Plutoed is the 2006 Word of the Year and we are so pleased that this is where you will find it on the Internet because "plutoed" lives at www.plutoed.com!
Scott Hove (www.ScottHove.com) - author, speaker and entrepreneur - claims "bragging rights" (see "First Post" for the date) to the new Word of the Year (as many others do too).
You should dedicate this site to all the people in the world who have been plutoed.
Posted by: monkey | January 08, 2007 at 11:55 AM
Last year, the word “Plutoed” was elected Word of the Year for 2006 by the American Dialect Society. The word has been defined as to “downgrade, demote or remove altogether from a prestigious group or list” by Sutton Hoo on blogspot.com. The term makes statements that are not true about 13430. The shear irrelevance of our own discussions, definitions, and groupings of inanimate objects does not appear to be grounded in logic. As consciousness and self-awareness is not bestowed upon the inanimate, artificial definitions of this cluster of matter have no impact on how 13430 acts, reacts and interacts with other surrounding materials and celestial detritus. The fact that the celestial body does not act or react based upon the removal from said list would indicate that it does not care. If 13430 does not care that it was removed from the “prestigious group or list” of planets, then it seems that demoting it does not affect any reality except for that which is in the mind of the observer.

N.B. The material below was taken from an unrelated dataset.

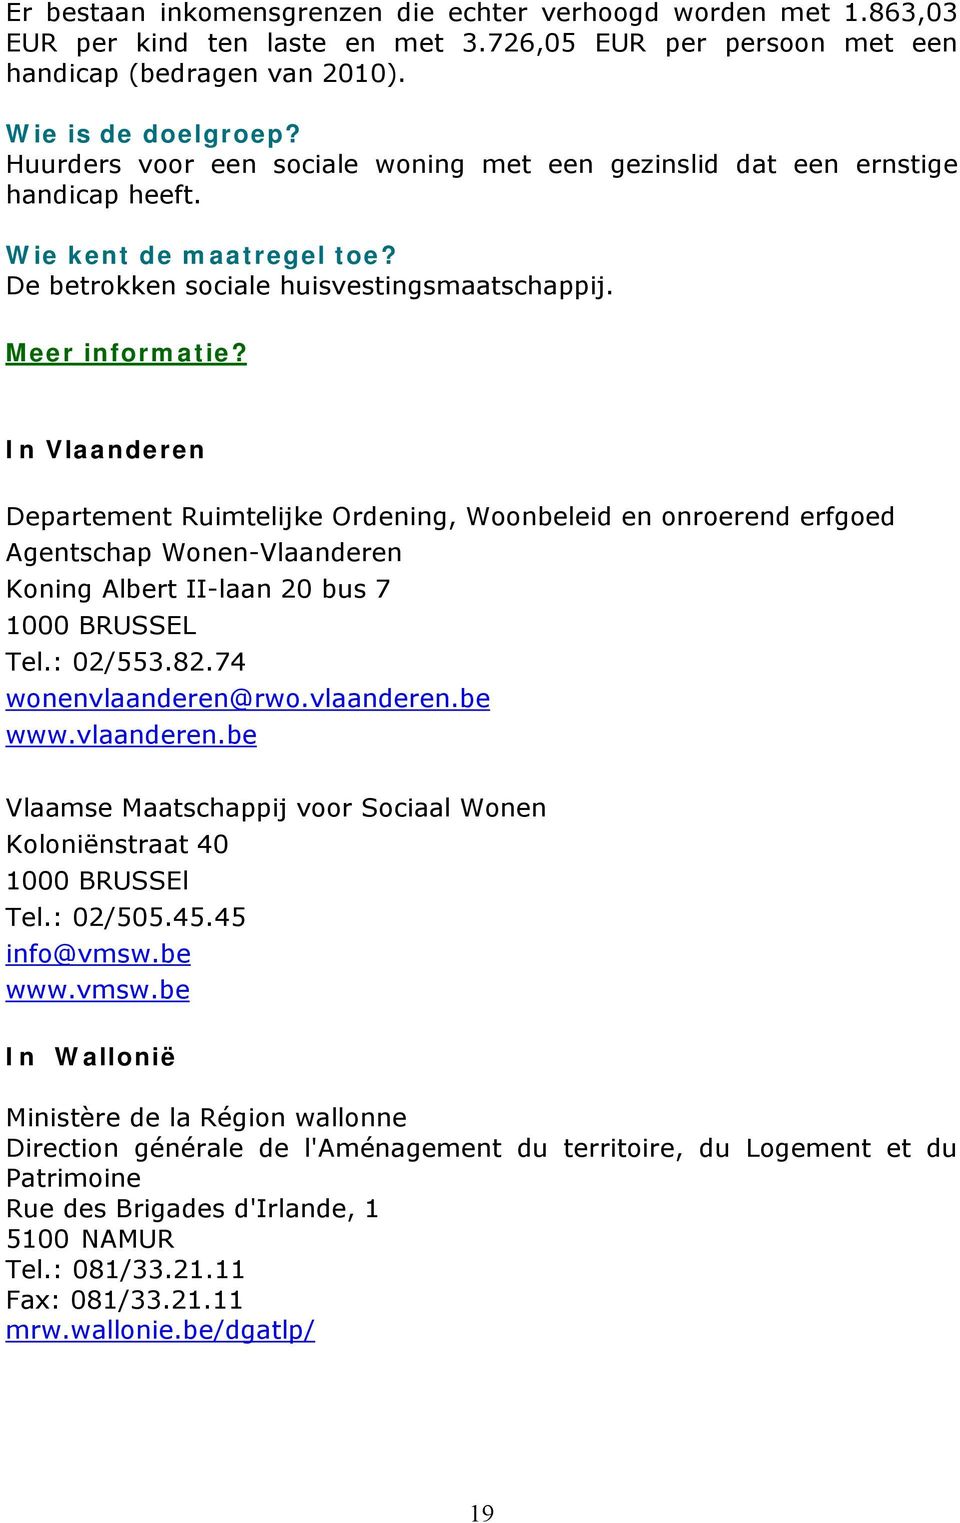 In Vlaanderen Departement Ruimtelijke Ordening, Woonbeleid en onroerend erfgoed Agentschap Wonen-Vlaanderen Koning Albert II-laan 20 bus 7 1000 BRUSSEL Tel.: 02/553.82.74 wonenvlaanderen@rwo.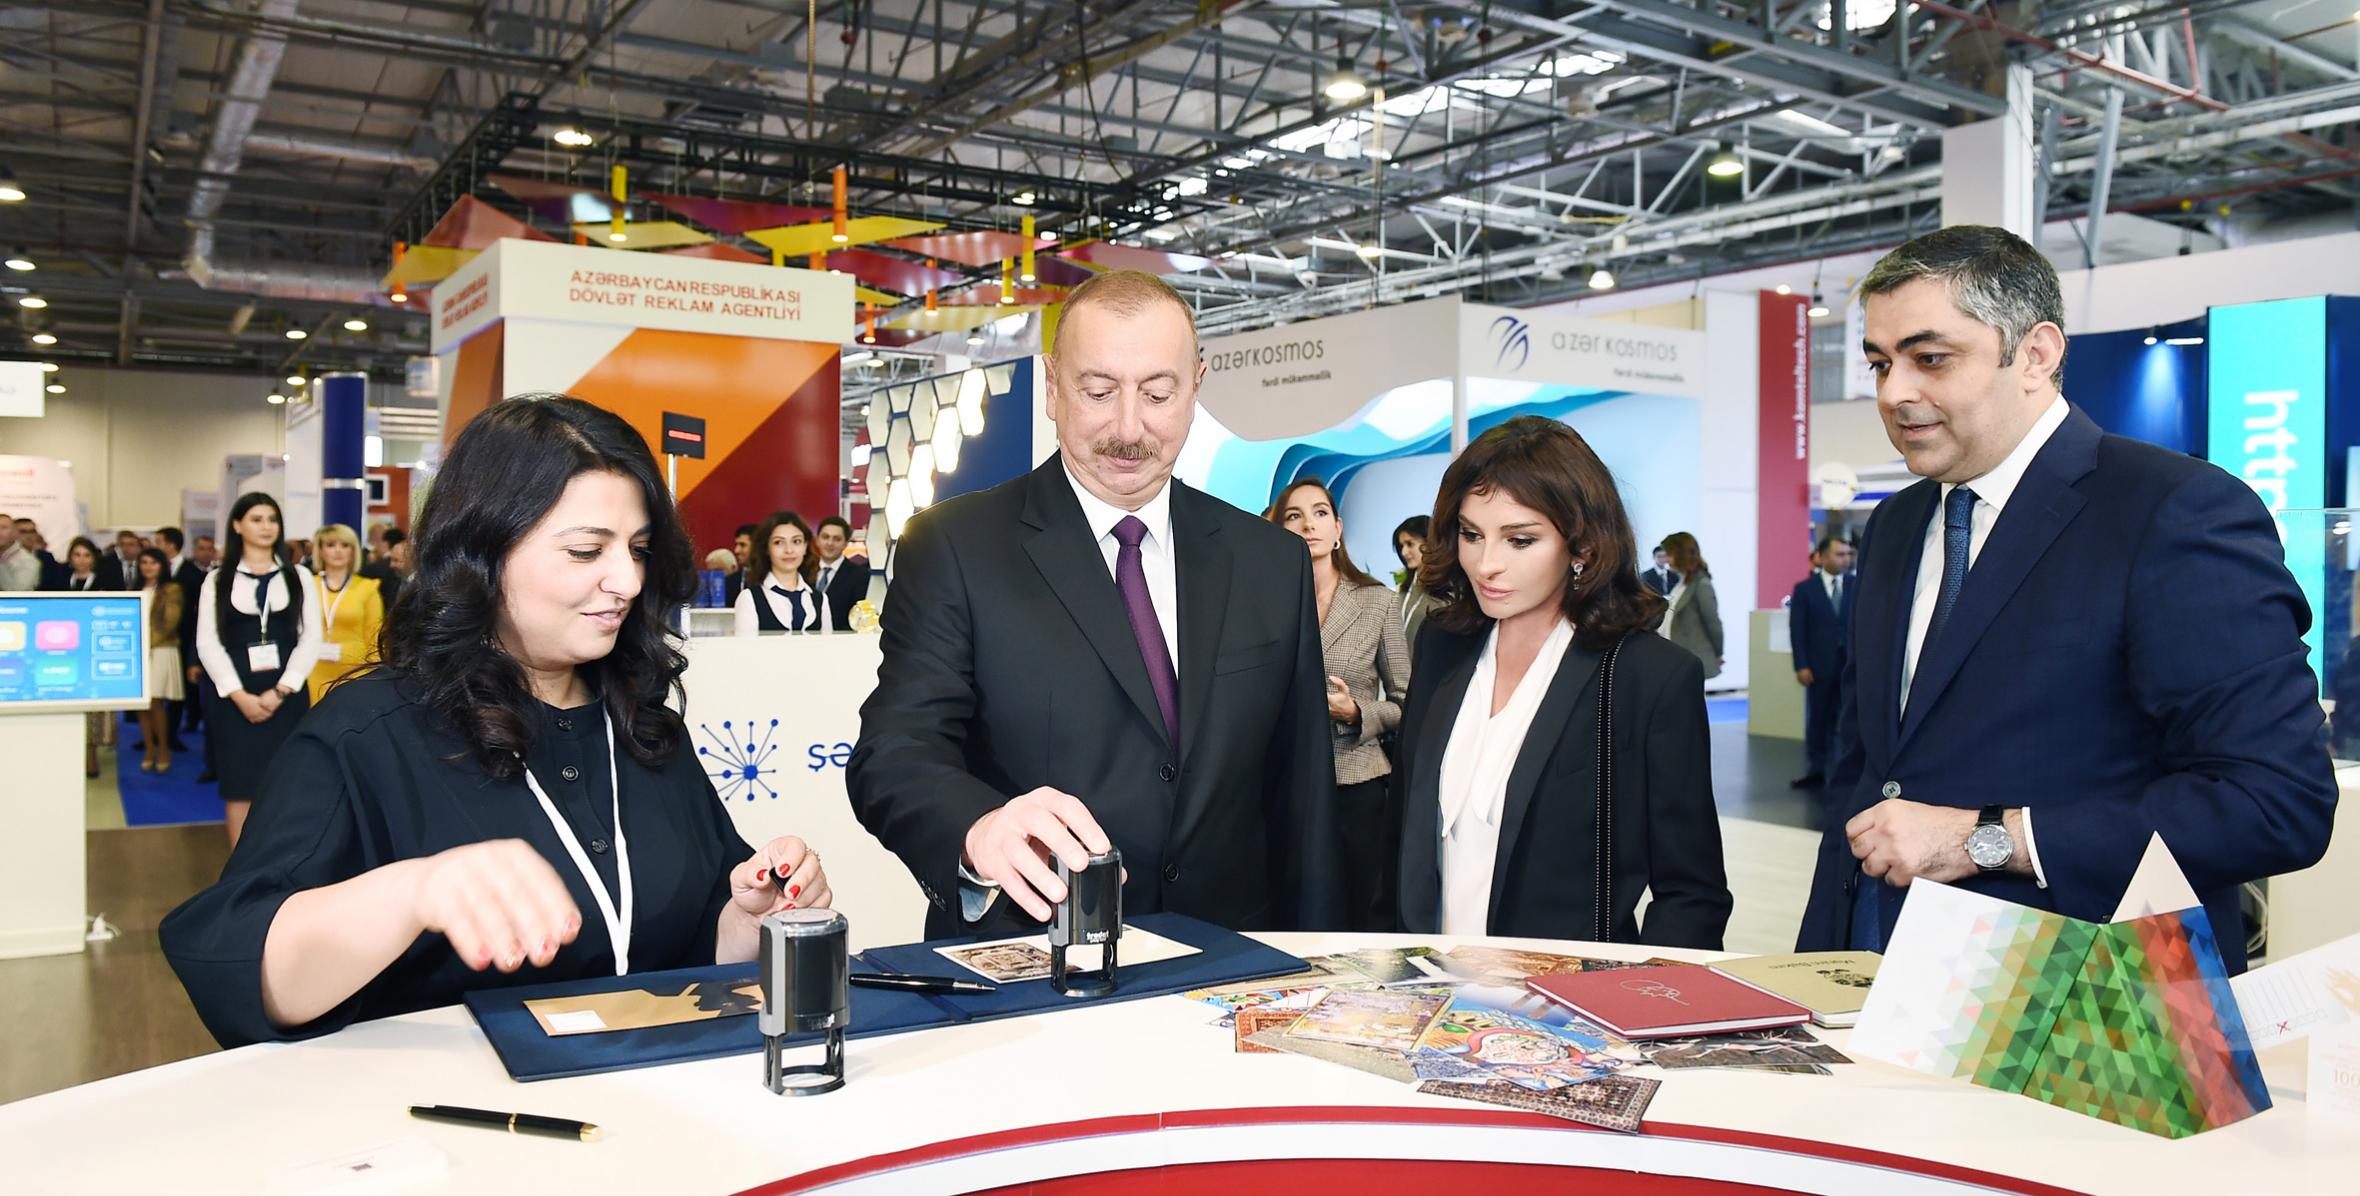 Ilham Aliyev viewed Bakutel 2018 exhibition

Definitions are made based upon observations and in this case, the observers are the General Assembly of the International Astronomical Union, and though their word may be “final” in terms of defining these superfluous boundaries, they are still only passive observers. In sum, 13430 does not care what we call it, it is simply a mass of matter being affected by the gravitational pull the sun, which also means that being “Plutoed” is an incorrect term for such a distinguished organization as the American Dialect Society to award the Word of the Year. The term being “Plutoed” connotes the act of caring under the domain of demotion. 13430 clearly does not care what we call it.